I would like to construct a dataframe row-by-row in R. I\'ve done some searching, and all I came up with is the suggestion to create an empty list, keep a list index scalar,
The reason I like Rcpp so much is that I don't always get how R Core thinks, and with Rcpp, more often than not, I don't have to.
Speaking philosophically, you're in a state of sin with regards to the functional paradigm, which tries to ensure that every value appears independent of every other value; changing one value should never cause a visible change in another value, the way you get with pointers sharing representation in C.
The problems arise when functional programming signals the small craft to move out of the way, and the small craft replies "I'm a lighthouse". Making a long series of small changes to a large object which you want to process on in the meantime puts you square into lighthouse territory.
In the C++ STL, push_back()
is a way of life. It doesn't try to be functional, but it does try to accommodate common programming idioms efficiently.
With some cleverness behind the scenes, you can sometimes arrange to have one foot in each world. Snapshot based file systems are a good example (which evolved from concepts such as union mounts, which also ply both sides).
If R Core wanted to do this, underlying vector storage could function like a union mount. One reference to the vector storage might be valid for subscripts 1:N
, while another reference to the same storage is valid for subscripts 1:(N+1)

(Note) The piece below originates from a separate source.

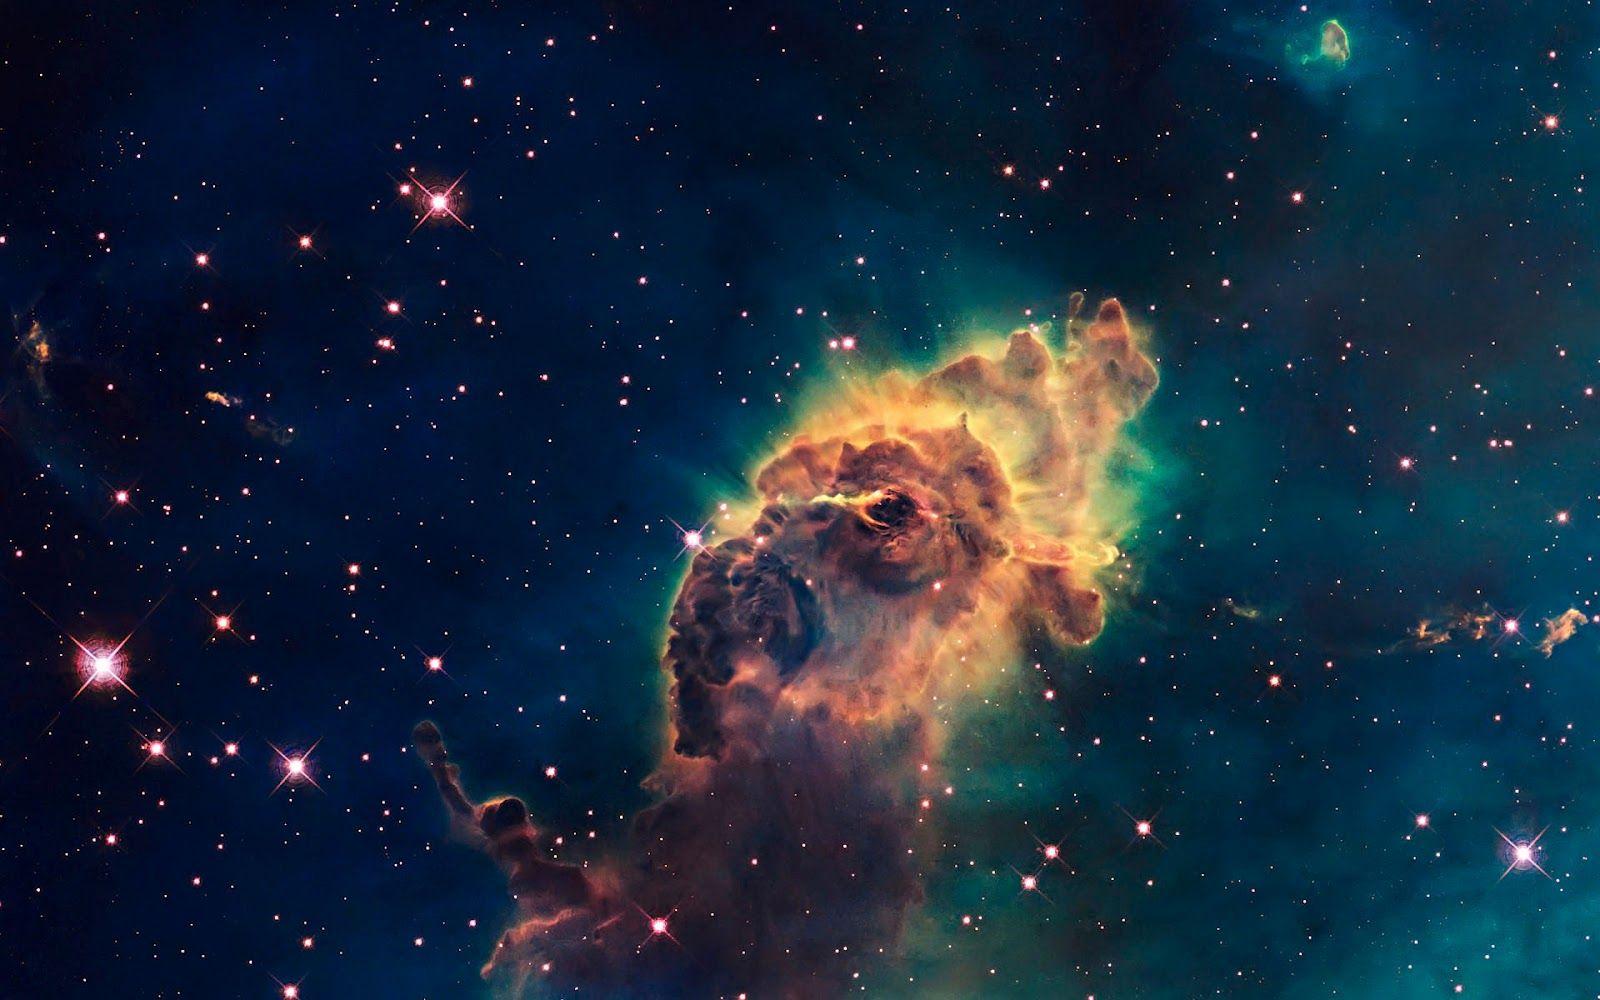 Galaxy Wallpaper Hd 8182 1600x1000 Px Hdwallsource Com Nebula Wallpaper Hd Galaxy Wallpaper Galaxy Wallpaper

. There could be reserved storage not yet validly referenced by anything but convenient for a quick push_back()
. You don't violate the functional concept when appending outside the range that any existing reference considers valid.
Eventually appending rows incrementally, you run out of reserved storage. You'll need to create new copies of everything, with the storage multiplied by some increment. The STL implementations I've use tend to multiply storage by 2 when extending allocation. I thought I read in R Internals that there is a memory structure where the storage increments by 20%. Either way, growth operations occur with logarithmic frequency relative to the total number of elements appended. On an amortized basis, this is usually acceptable.
As tricks behind the scenes go, I've seen worse. Every time you push_back()
a new row onto the dataframe, a top level index structure would need to be copied. The new row could append onto shared representation without impacting any old functional values. I don't even think it would complicate the garbage collector much; since I'm not proposing push_front()
all references are prefix references to the front of the allocated vector storage.